She booped against his face once more. “But I helped with the other things, yes?”

“Yes, you’re very helpful, Gemma.”

She seemed satisfied with that and was content to settle against Harry’s chest as he watched the fire. He hadn’t realized he dozed off until a sharp nip of pain on his check woke him up. He startled, momentarily disorientated. Until he remembered he had returned to Hogwarts, was sorted into Slytherin, and had fallen asleep in the common room.

The room was dark, the only light now the one from Gemma’s stand. “You were sleeping, littlest snake.
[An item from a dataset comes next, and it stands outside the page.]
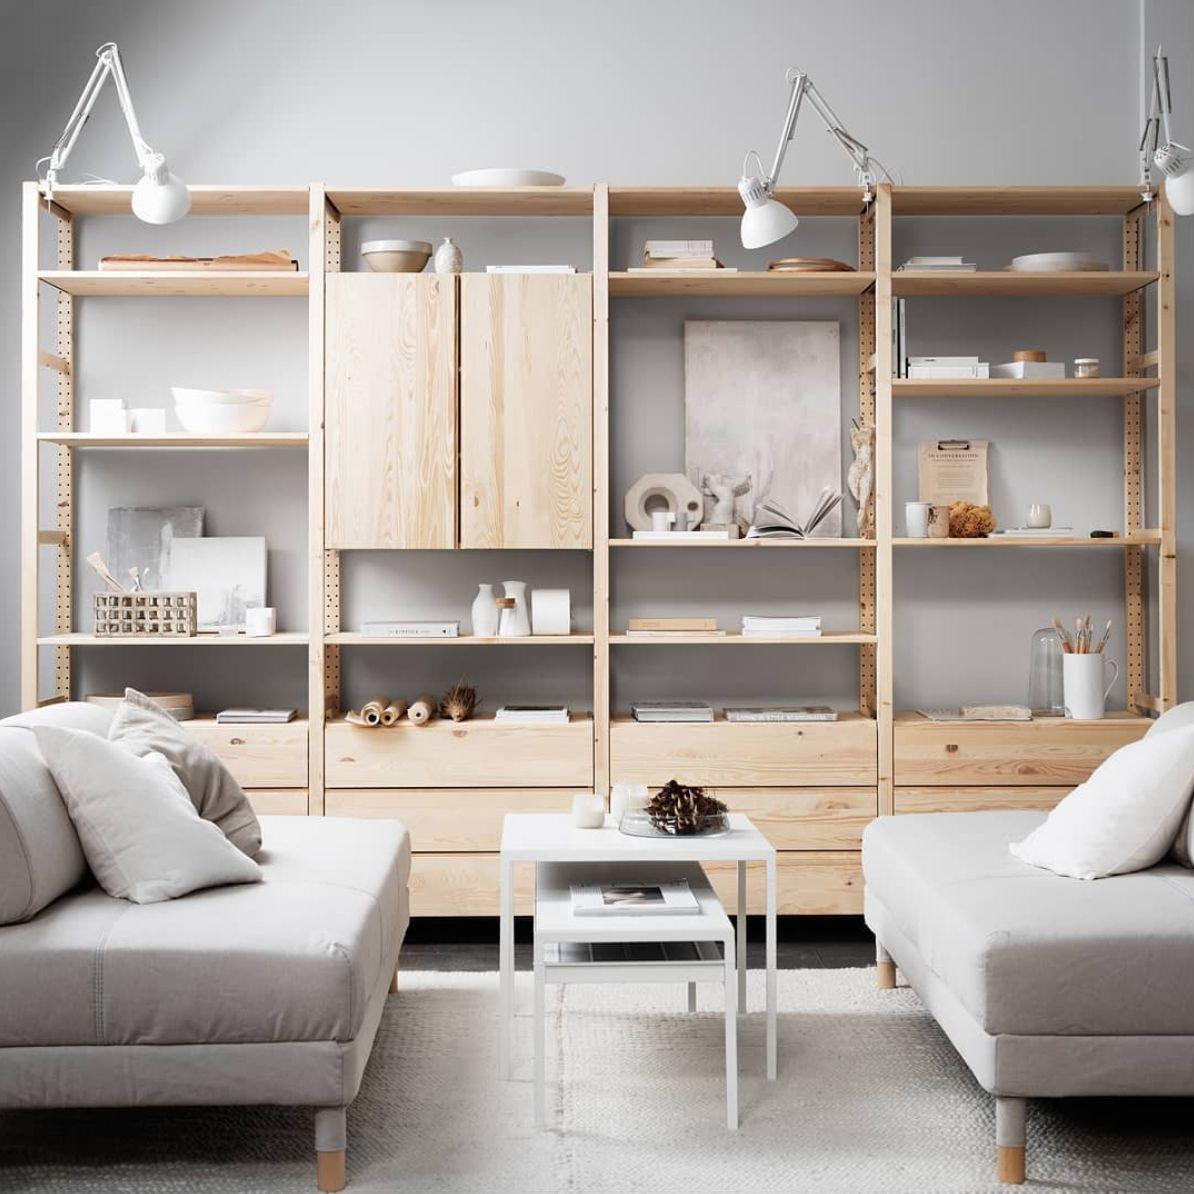 Nice 40 Ikea Furniture Ideas For Living Room Decor Http Decoraiso Com Index Php 2018 08 01 40 Ikea Furniture Ideas Ikea Living Room Ikea Interior Ikea Decor
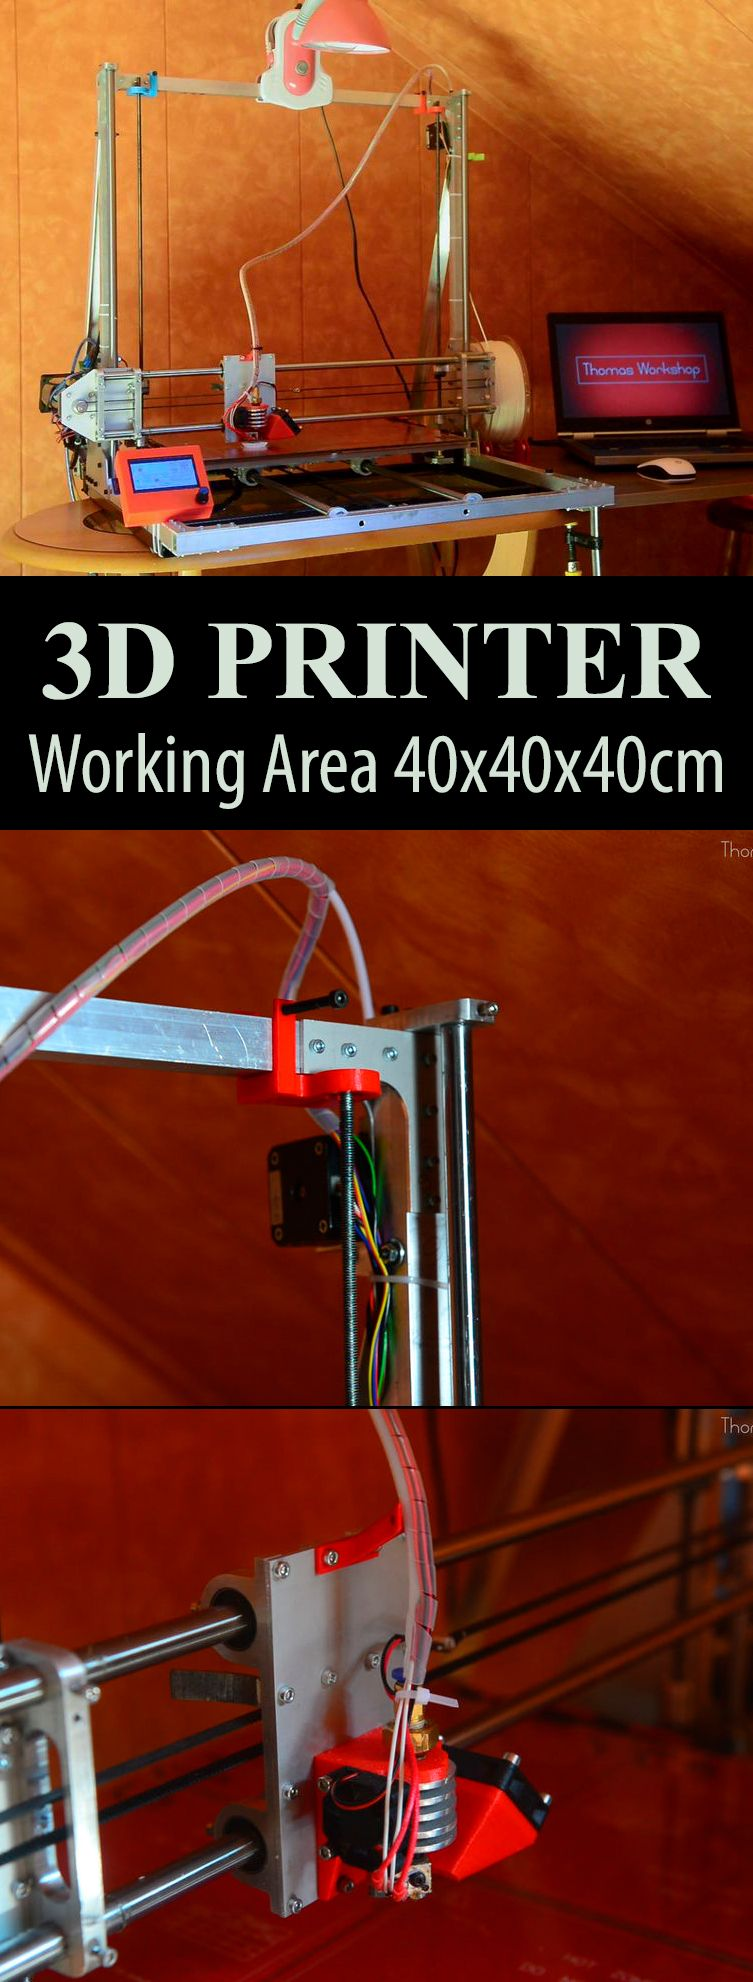 3d printer working area 40x40x40cm build a 3d printer

You need to go to bed.”

She was right. If he was tired enough to actually fall asleep now he should do so in his bed and not scruntched up in a chair where anyone could come by and see him. He rose, stretching his bunched up joints, and took Gemma back to her post. “Good night, snake mother.”

She rubbed against his hand at the name, clearly pleased. “Don’t forget your blanket, little one.”

He fetched his blanket like a good snakling, wrapped it around his shoulders and left for bed. Feeling oddly relaxed and centered.

Who knew talking to snakes could be so rewarding.




Tom watched his knights go off to bed.

The meeting had been fruitful, though there was little to discuss. No one did anything worth mentioning over the break. No one but Tom, and the story of how his Horcrux came into being was not one that all of his followers would be treated to. Only those closest to him would know any of the details, and even then, they would only know the where and a very general idea on how.

He would not share all of the intimate details with them.

Not with anyone.

The fire burned low, Tom contented himself with watching it dwindle. He was used to staying up late, to working at night. And with his enhanced night vision it seemed a waste to not use it.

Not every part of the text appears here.